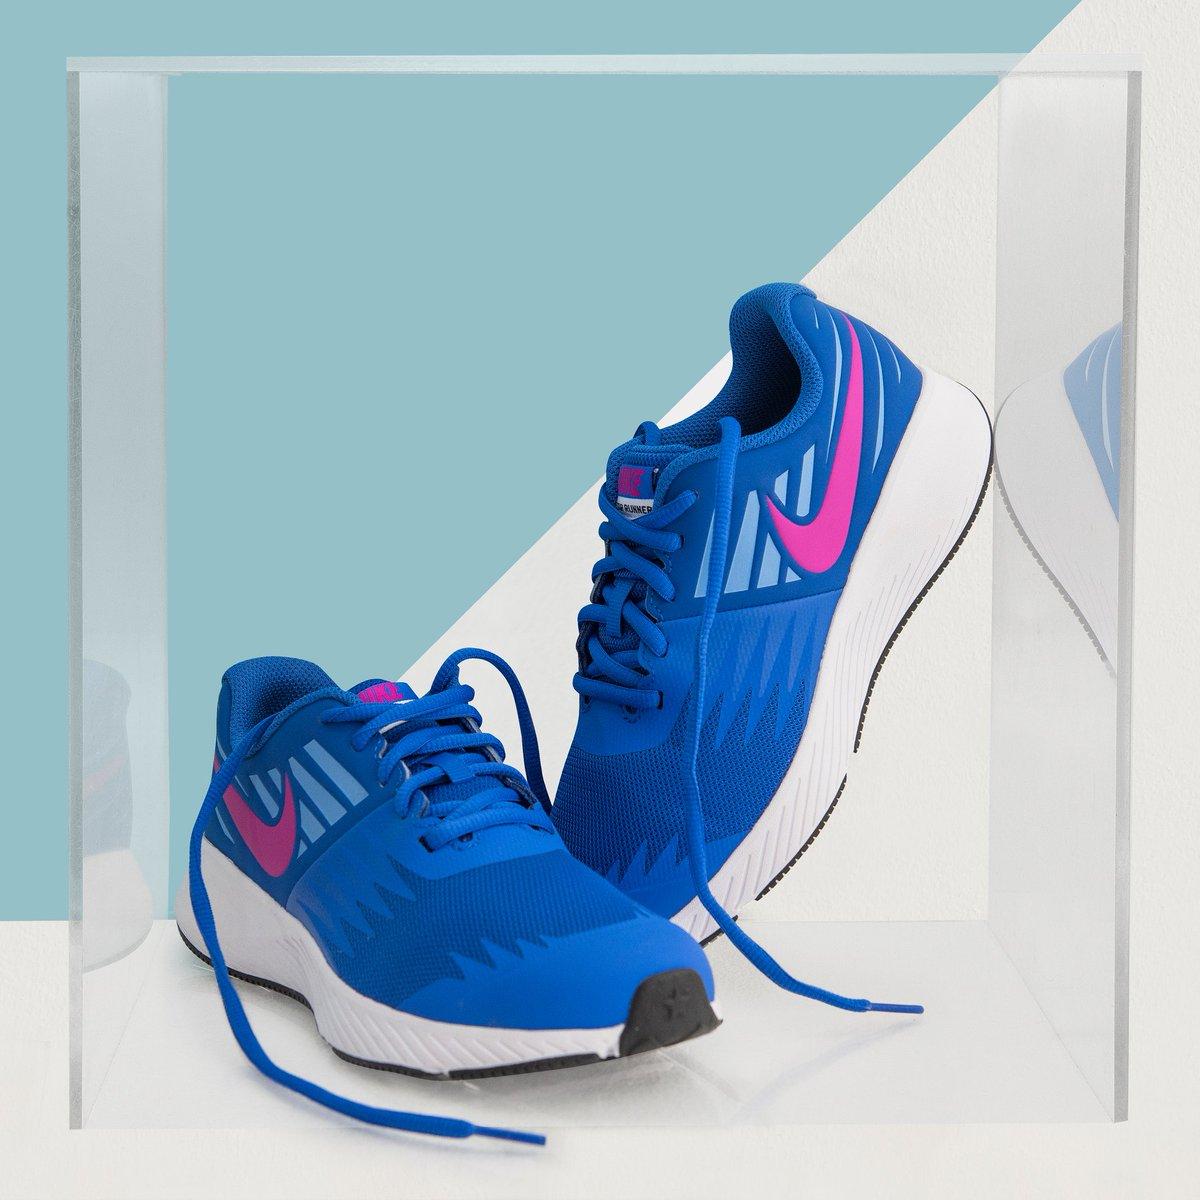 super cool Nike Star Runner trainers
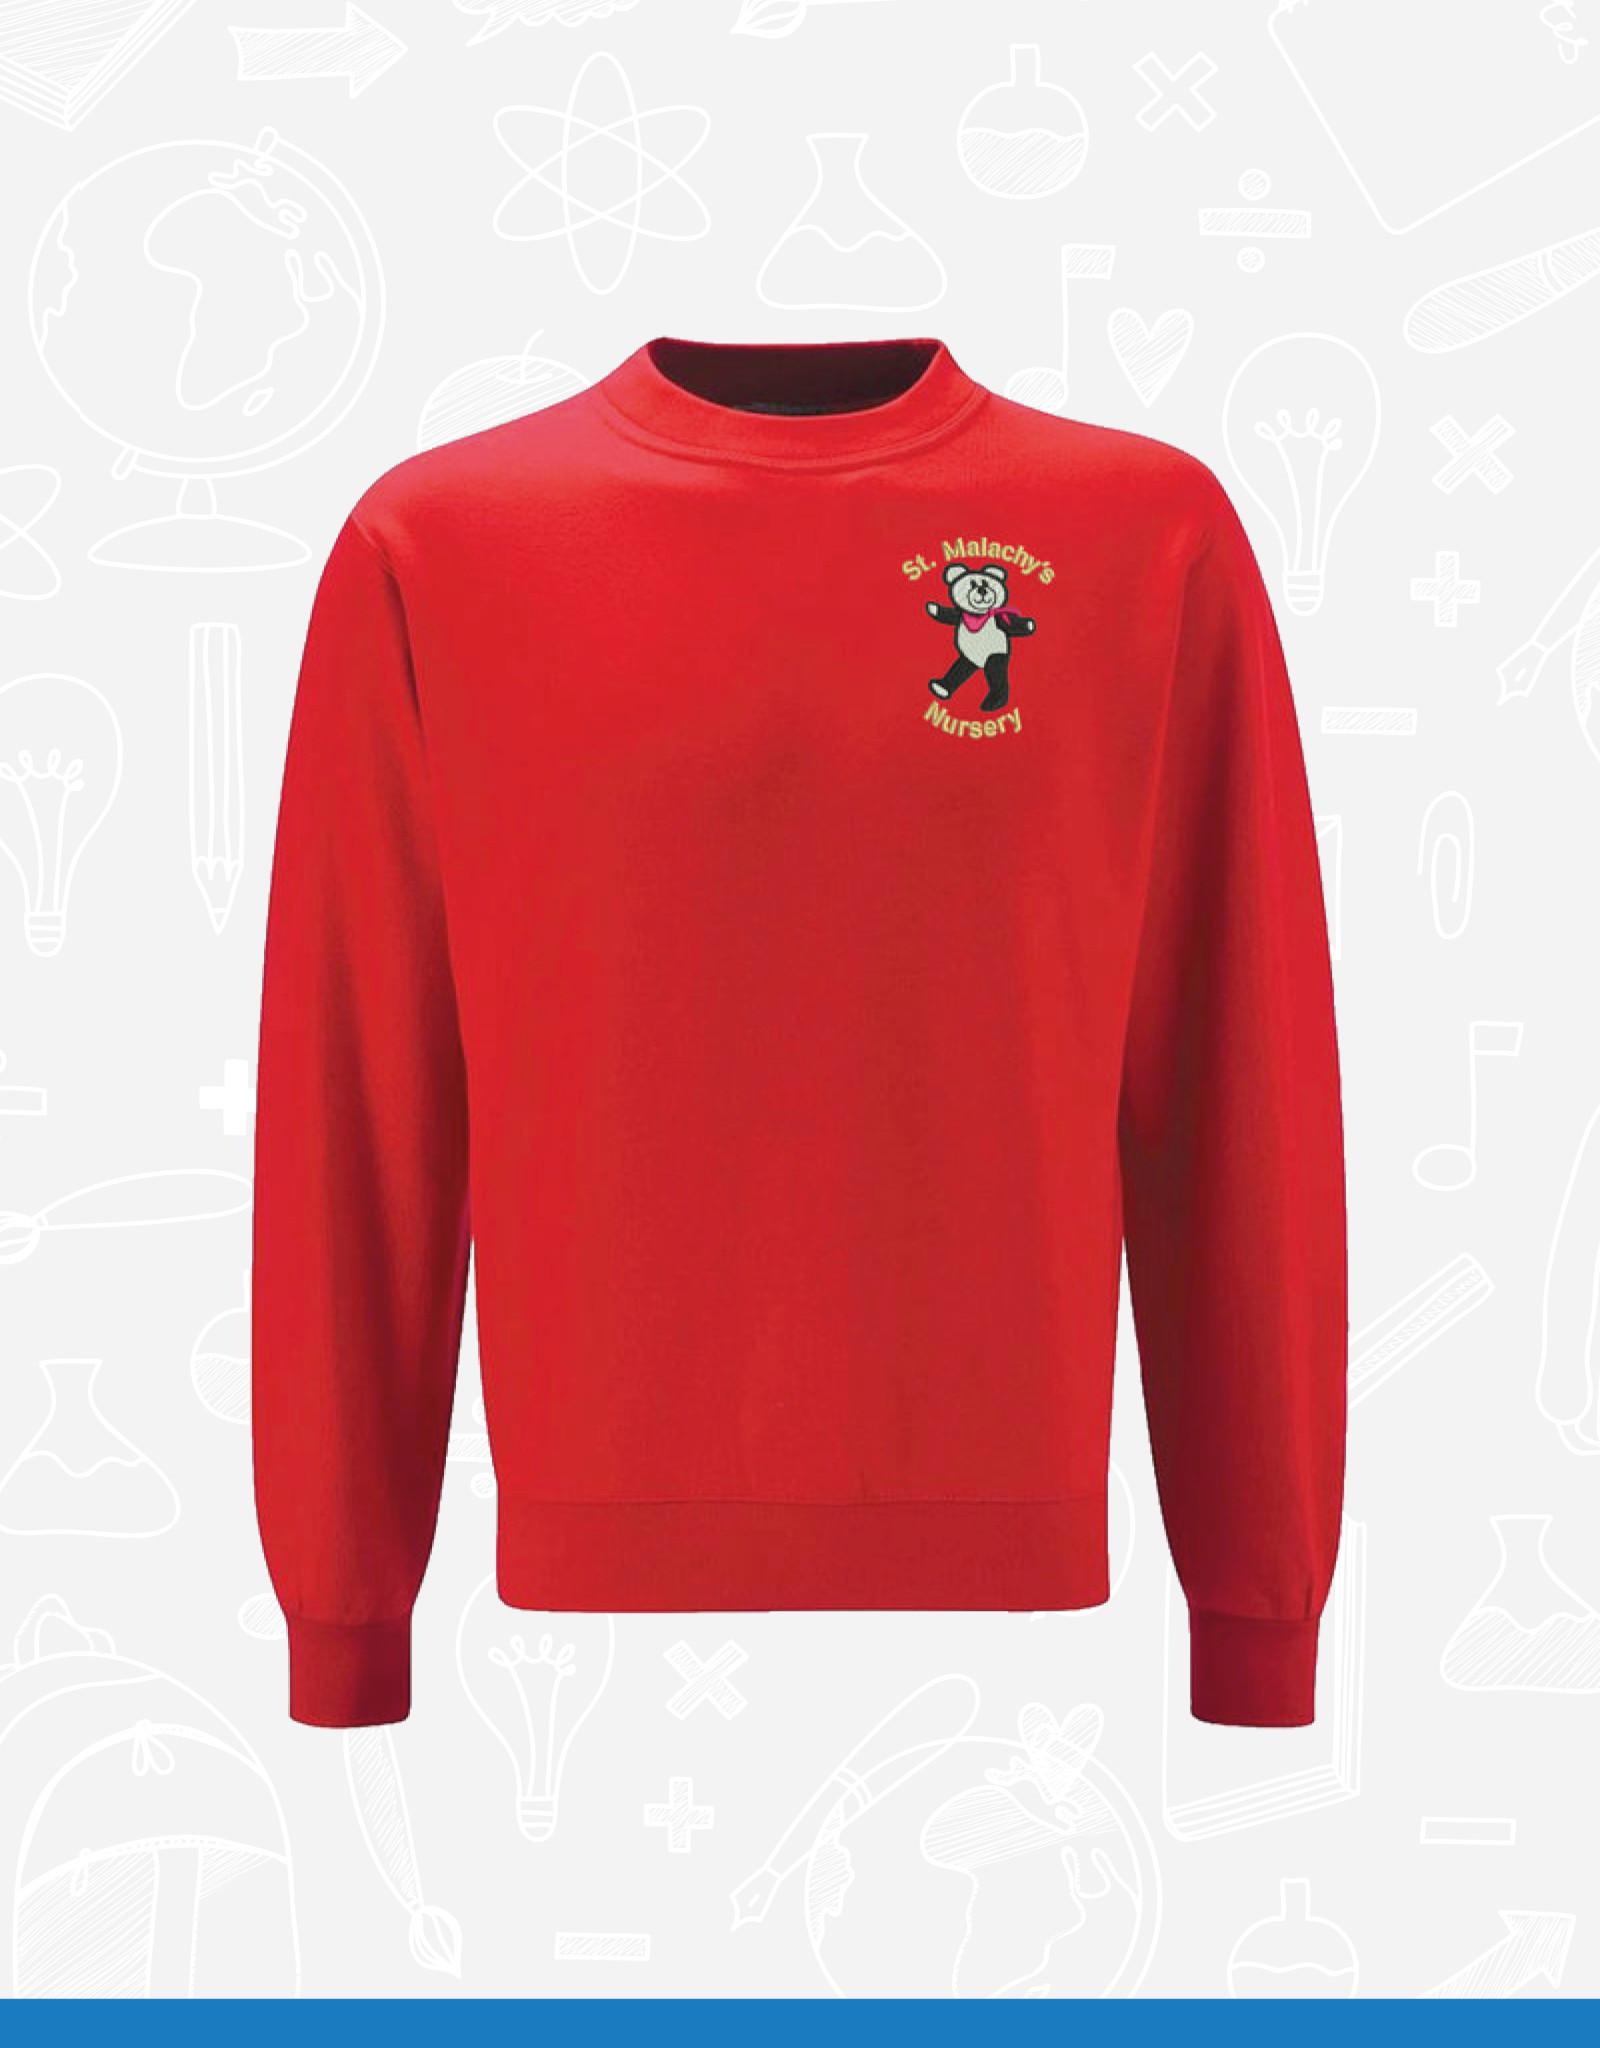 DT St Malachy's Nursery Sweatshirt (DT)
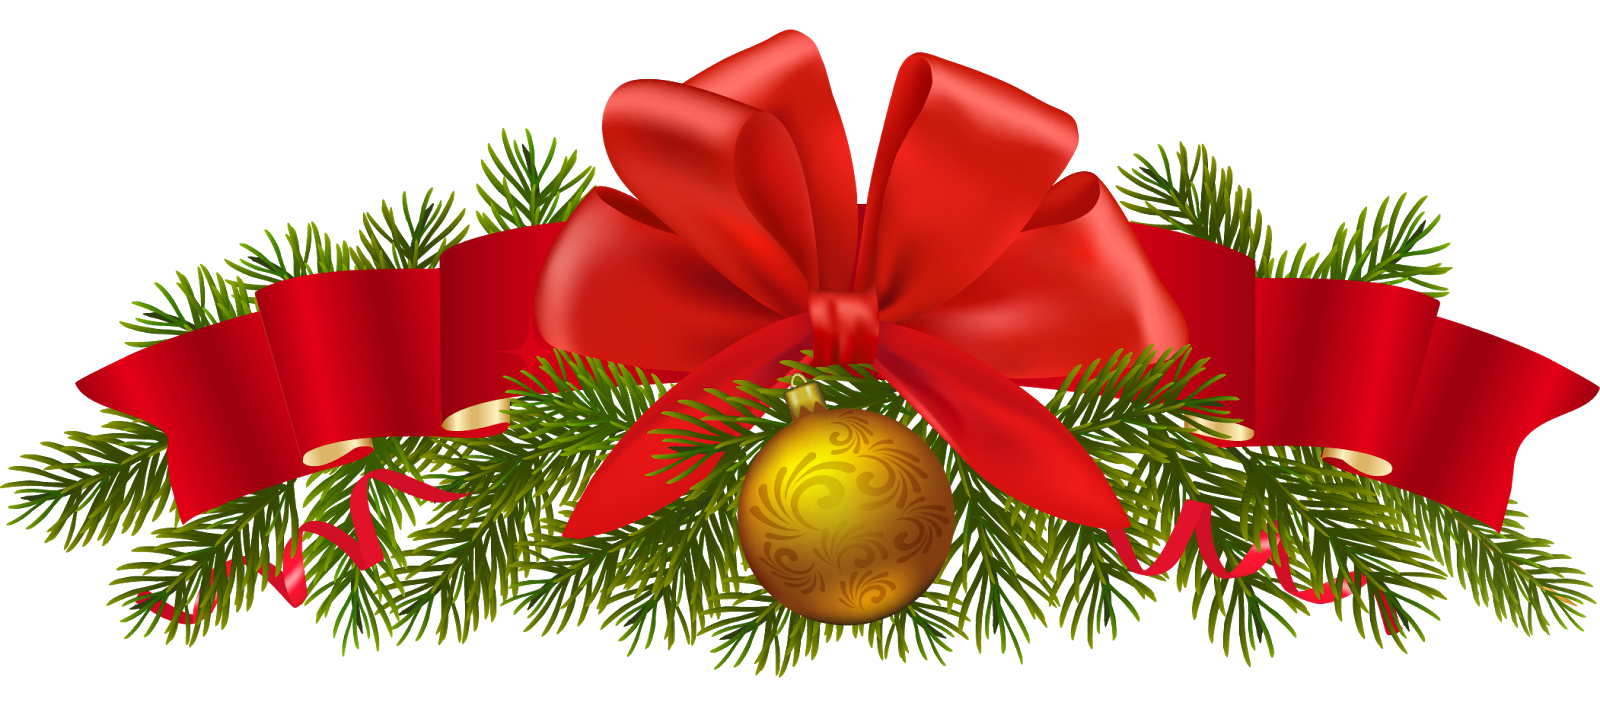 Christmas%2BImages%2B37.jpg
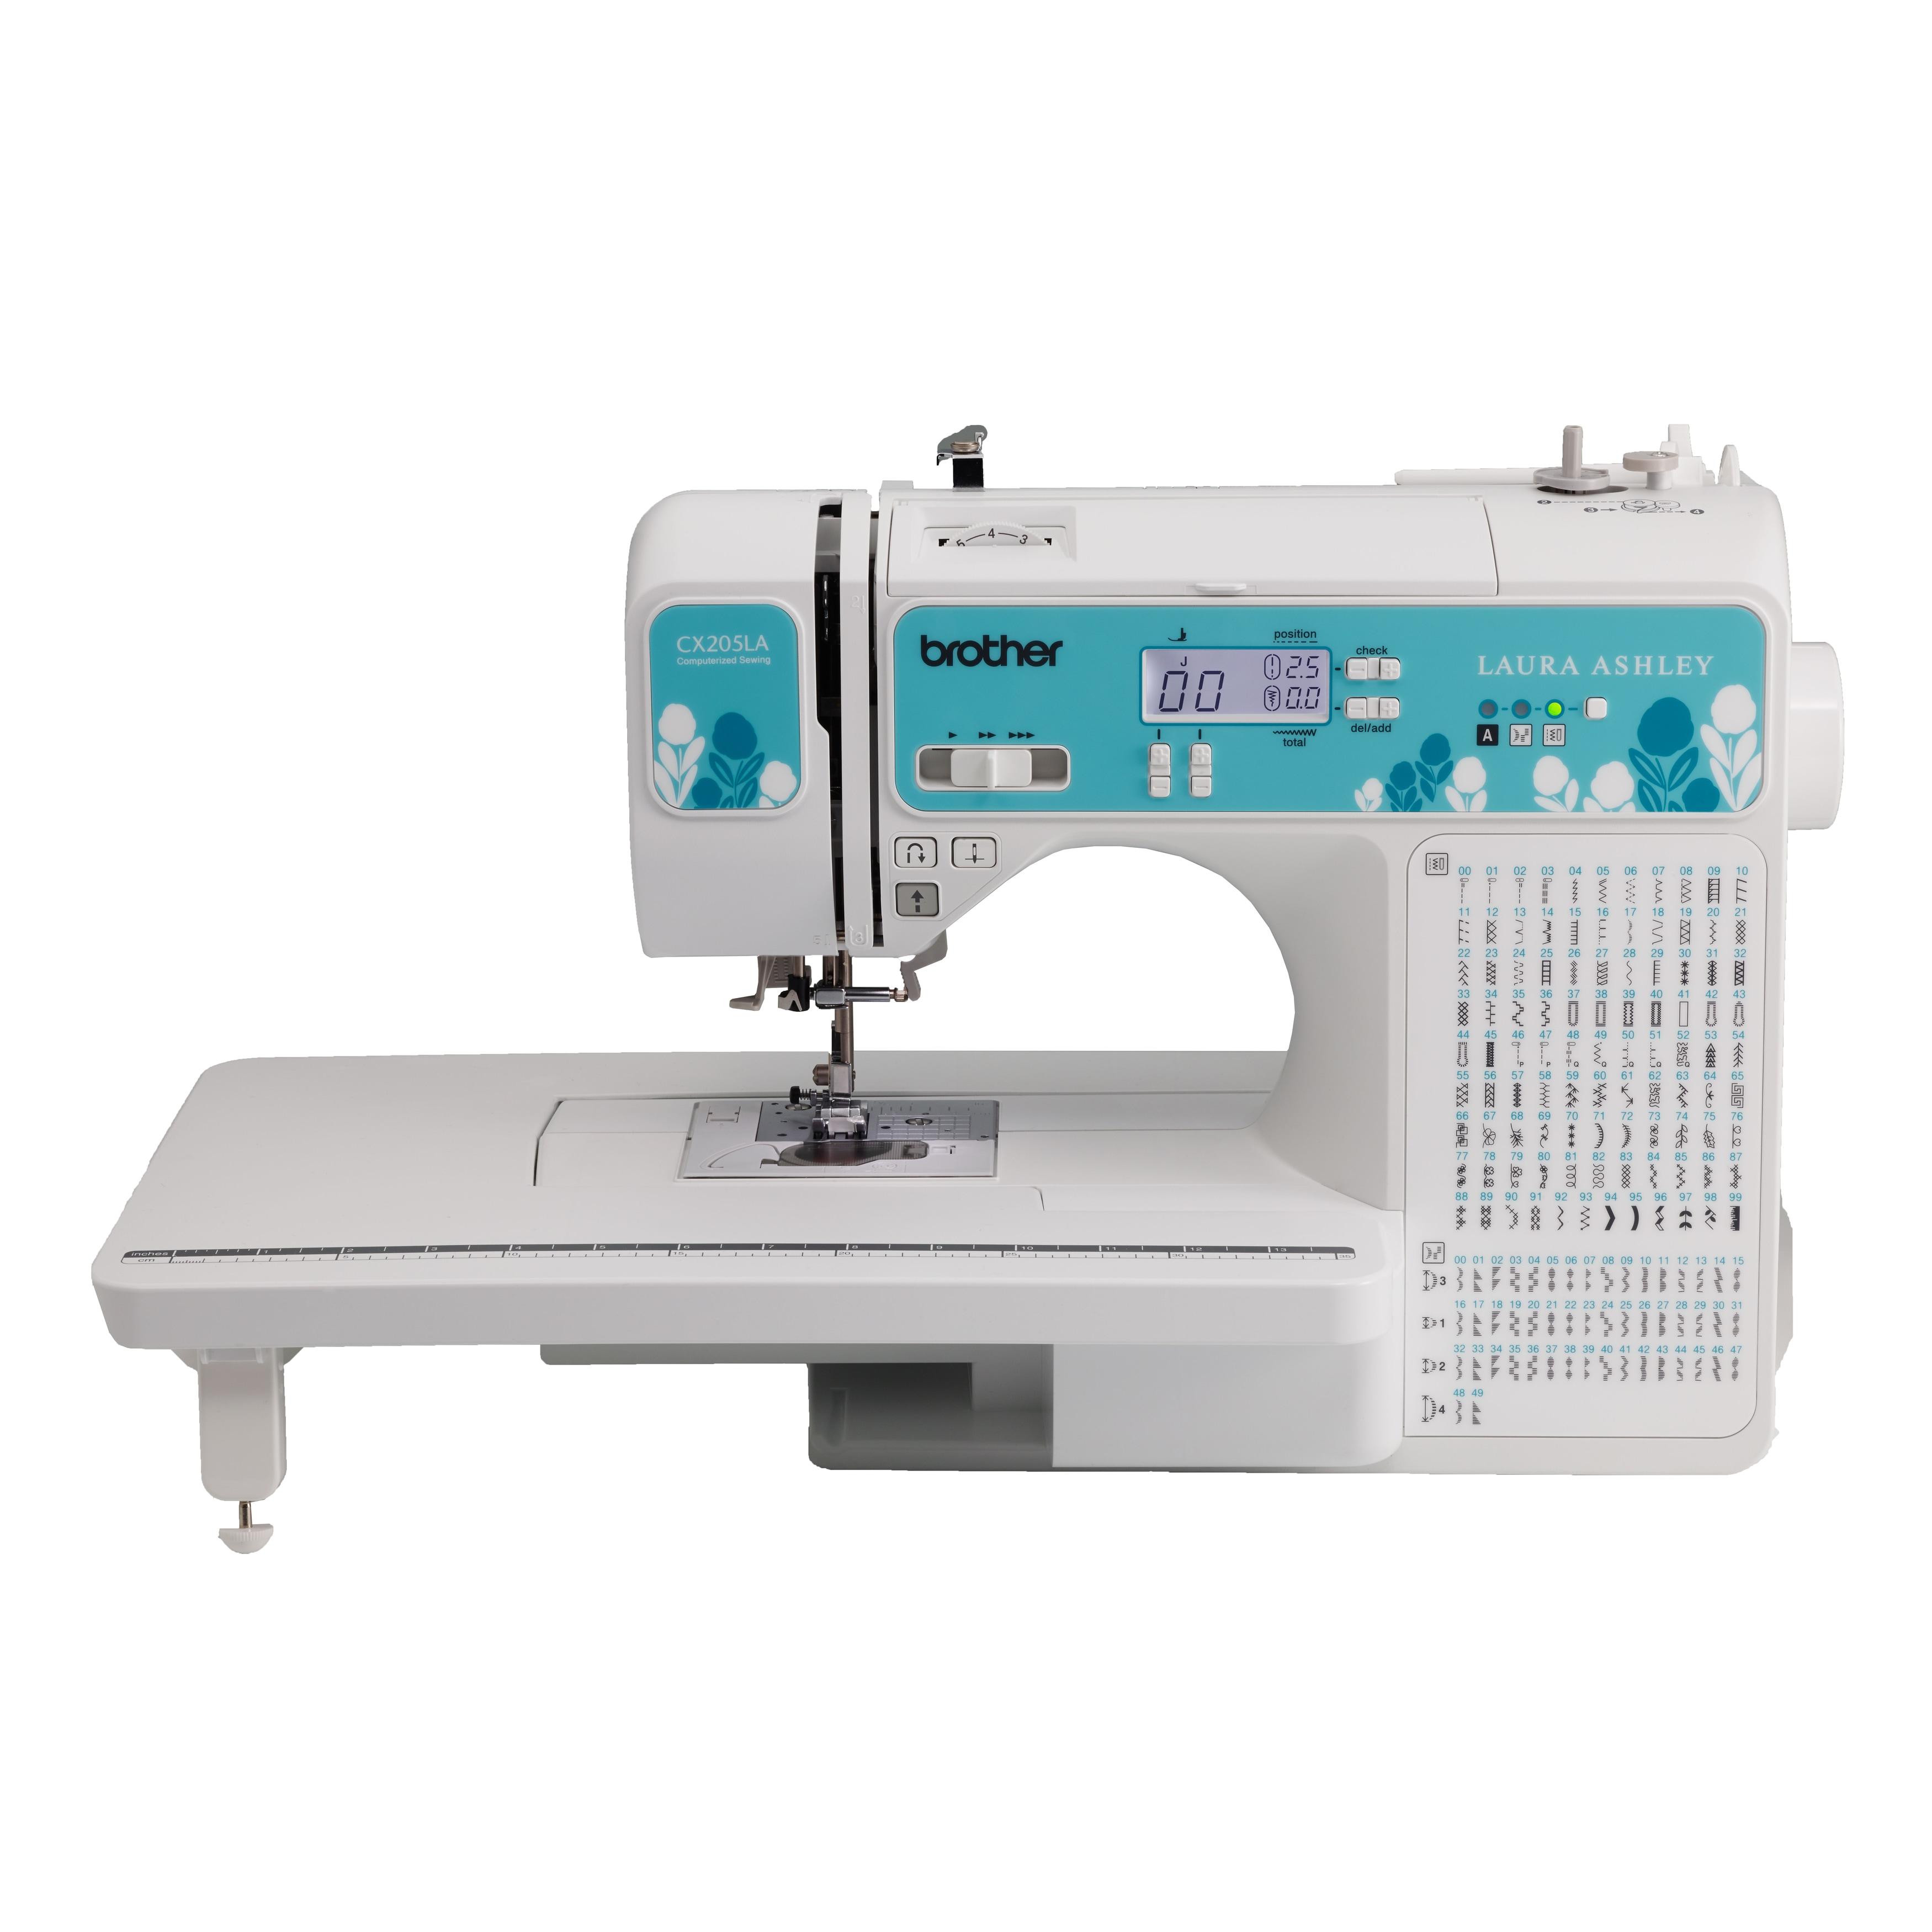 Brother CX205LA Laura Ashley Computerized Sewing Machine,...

=== What you will do ===
Beginning with the line containing "DT St Malachy's Nursery Sweatshirt (DT)" and ending with the last line of the listing above, output those lines exactly as written, without pictures.

=== Response box ===
 DT St Malachy's Nursery Sweatshirt (DT)
 Christmas%2BImages%2B37.jpg
 Brother CX205LA Laura Ashley Computerized Sewing Machine,...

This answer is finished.